A fragmented approach often means that there is an unnecessary duplication of data and systems, and
inconsistencies in risk-perspectives.
A Layered Approach
A risk management framework can be made more robust by layering it so that it is based on multiple pillars which
mutually re-enforce one another. In this context some 'duplication' is not always a bad thing.
An Informed Approach
Risk managers need to have a deep understanding of the things that they are managing - this is a particular challenge
in some areas of finance, where complex financial instruments can be created and traded very quickly.

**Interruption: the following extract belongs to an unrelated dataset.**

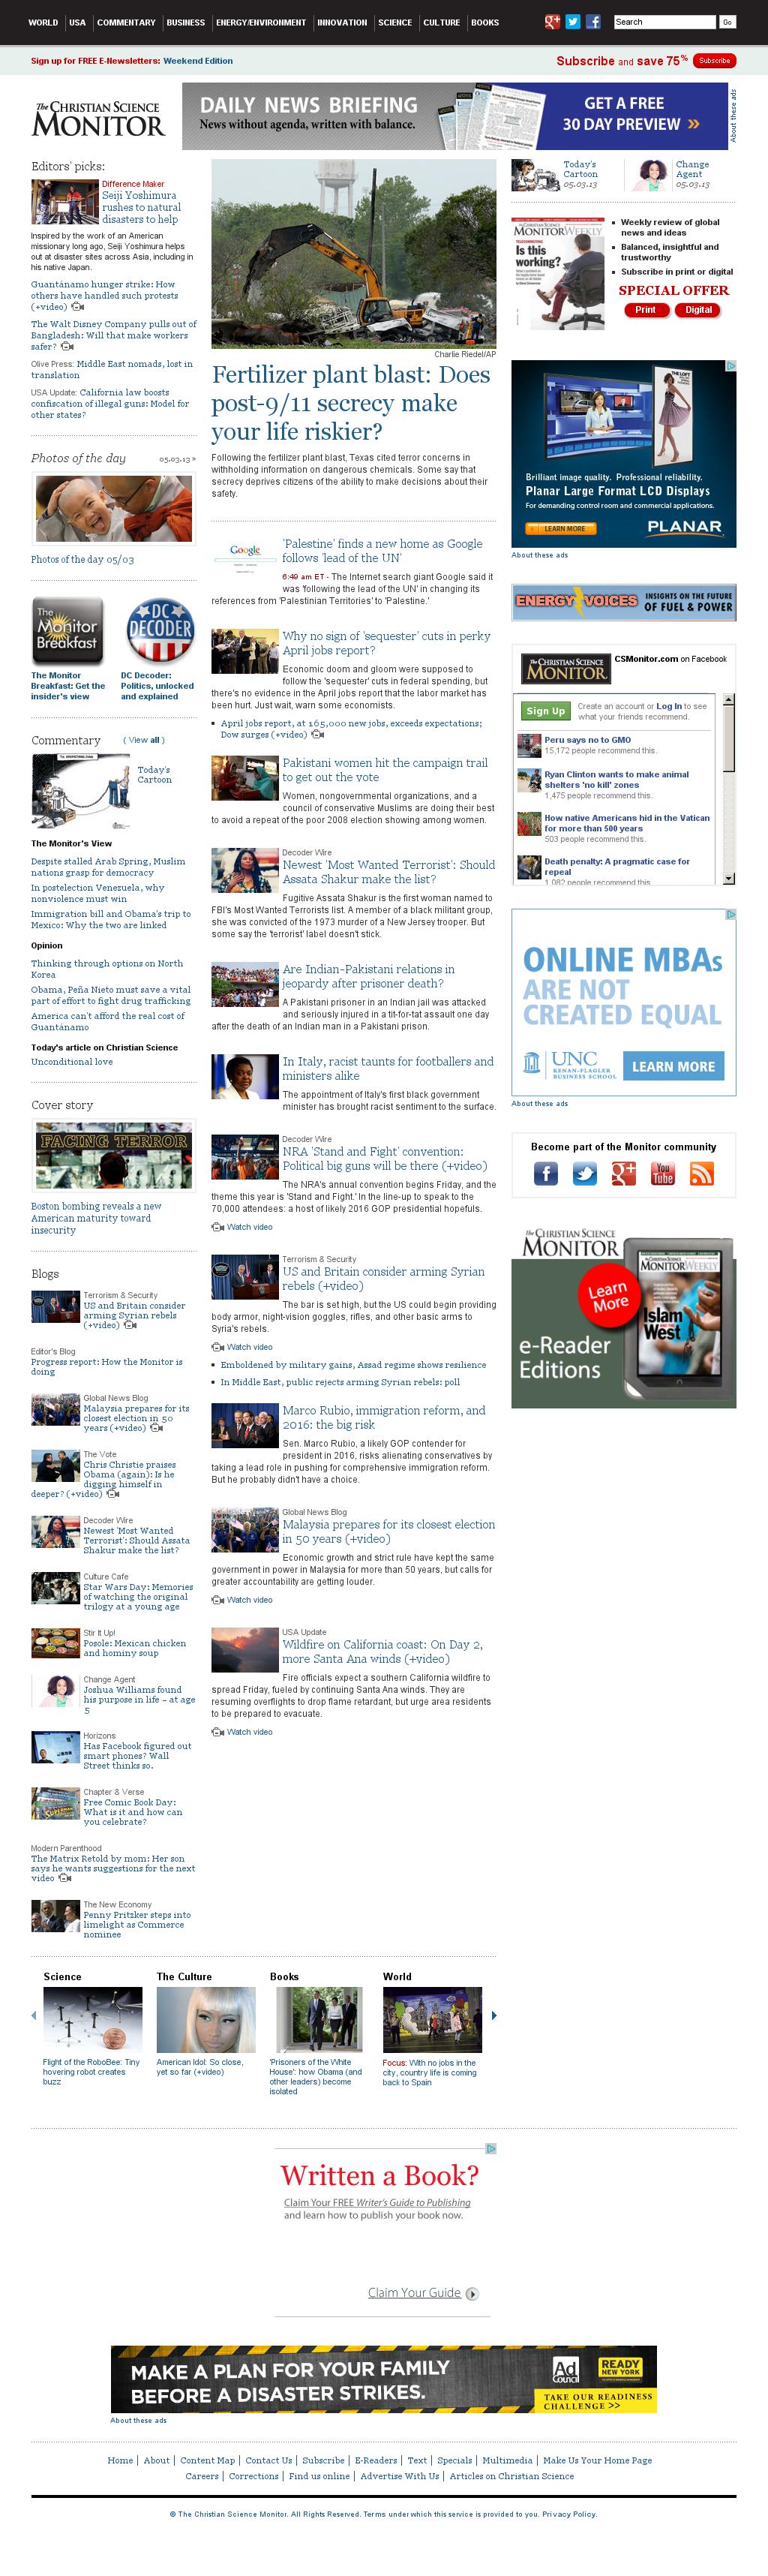 The Christian Science Monitor at Saturday May 4, 2013, 1:05 p.m. UTC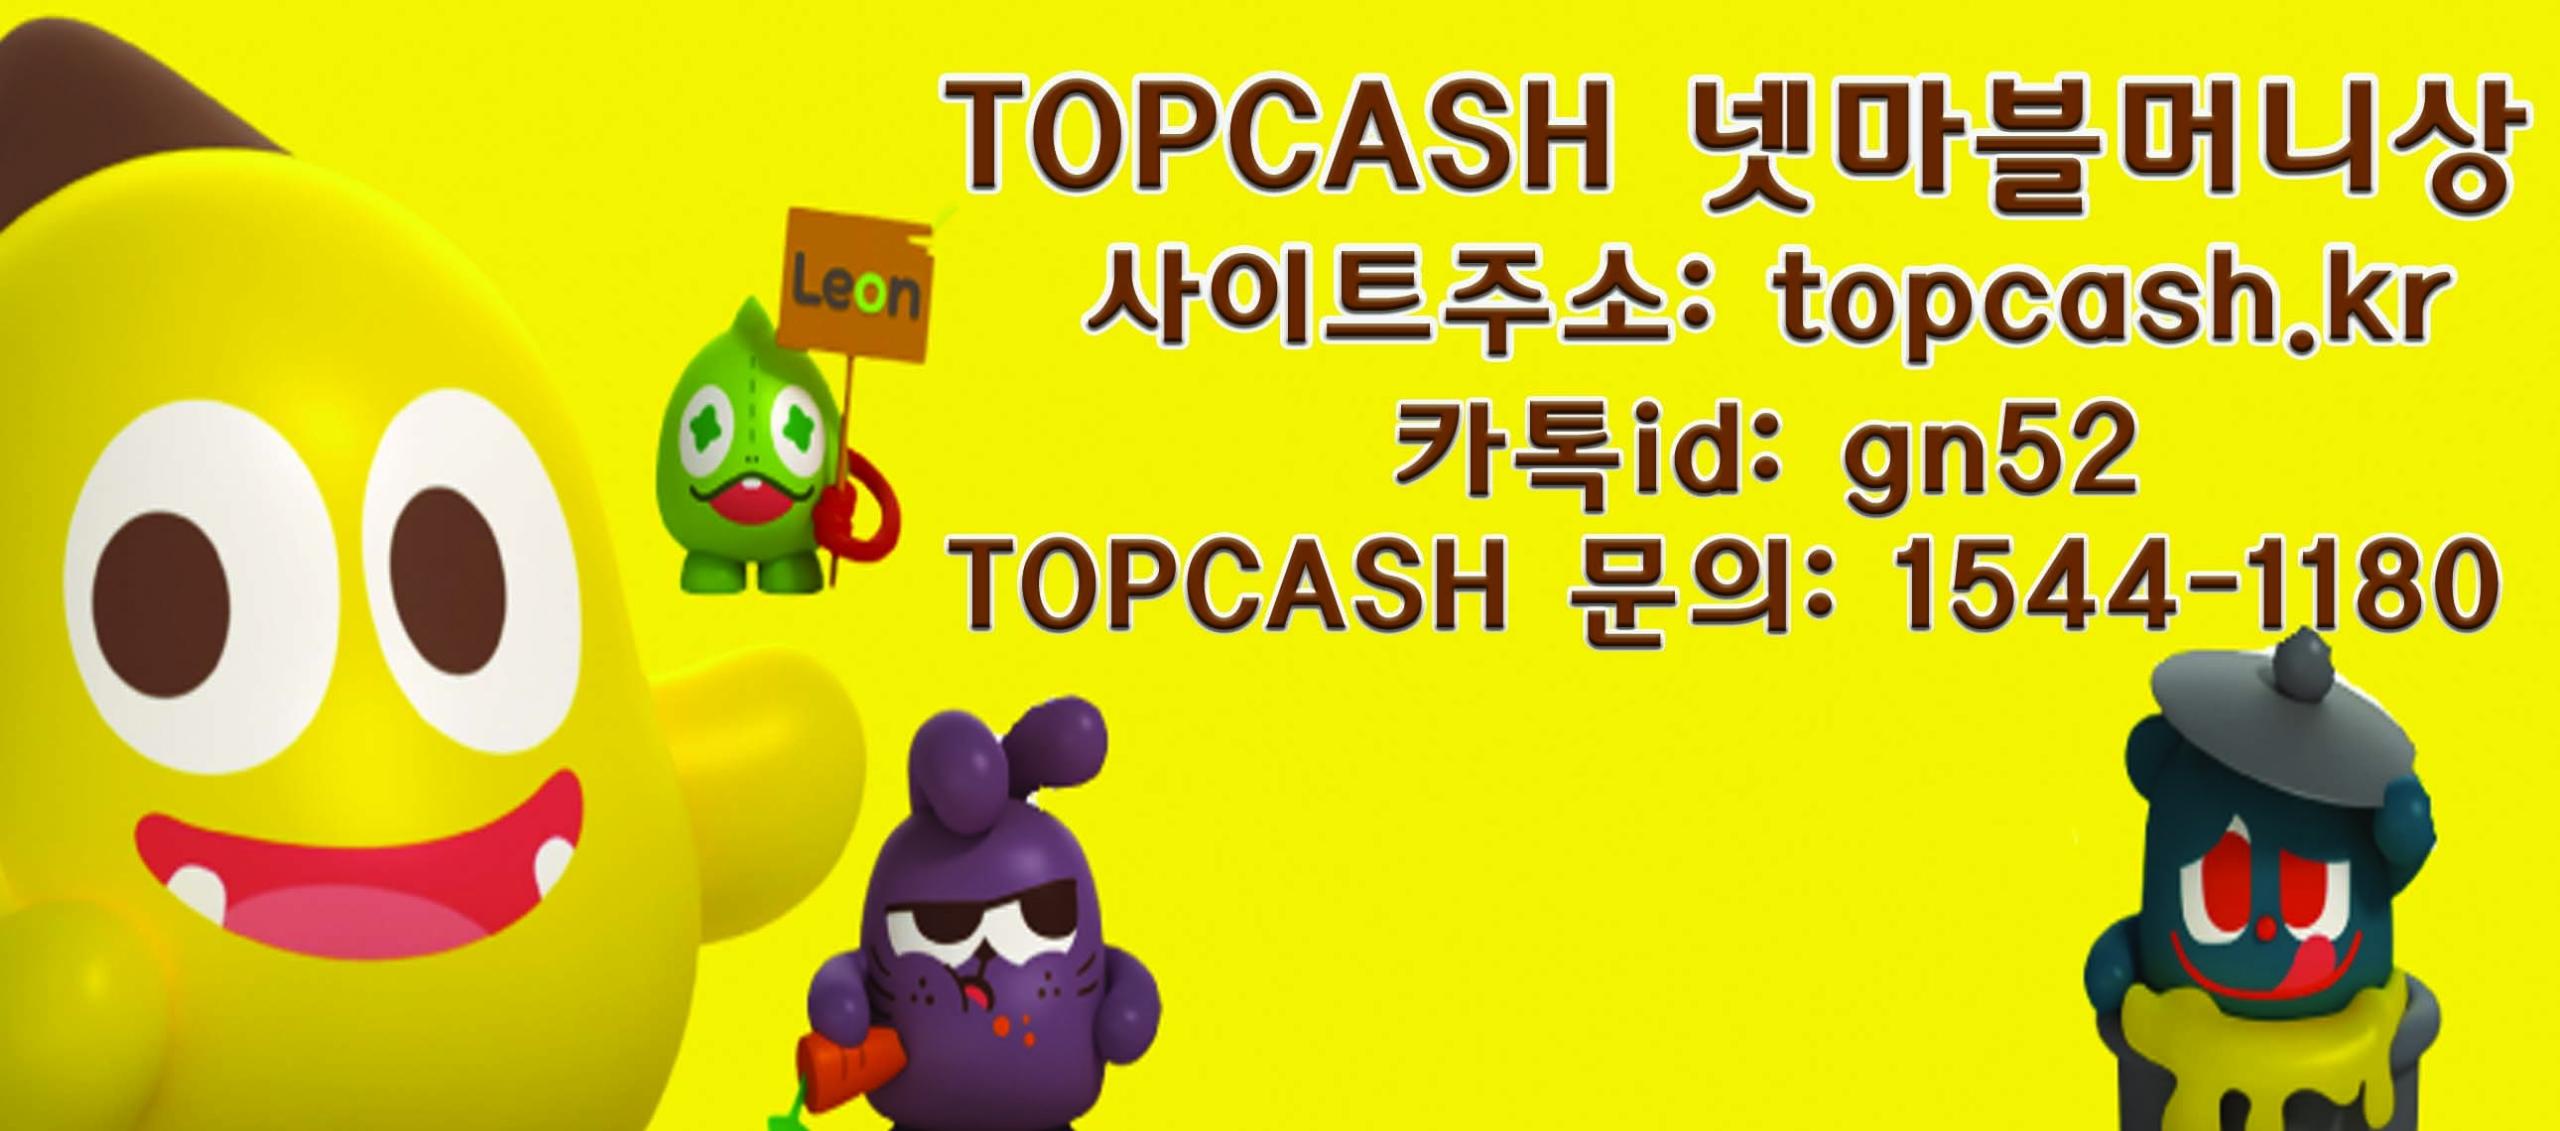 넷마블M상 TOPCASH닷kr (@sptakqmf17) Cover Image

A Systems-Enabled Approach
Systems should be able to support and enable business processes, including risk management, rather than
constraining them.
Business processes should drive systems requirements, rather than business processes being driven by the limitations
of poor systems.
A Model-Aware Approach
Where models are used to quantify risk, risk managers need to understand them in sufficient detail to know how
to interpret the results. This includes what they can and can't be used for, and what their assumptions and
shortcomings are.
A Practical Approach
Experience and informed common sense are always at least as important as the results of statistical models - this
sometimes gets forgotten in the understandable desire to quantify and analyse.
An Independent Approach
Management frameworks should be structured so that it is not possible for risk management decisions to be confused or
influenced in an inappropriate way.
An Incentivised Approach
It is important that risk managers are properly incentivised for what they do, which is often about saying
'No' and appearing to stand in the way of short-term profit.
It would be very hard to convince most people who have ever worked in the financial world that risk managers
who prevent losses would receive anything like the same rewards as traders who make profits of a similar size.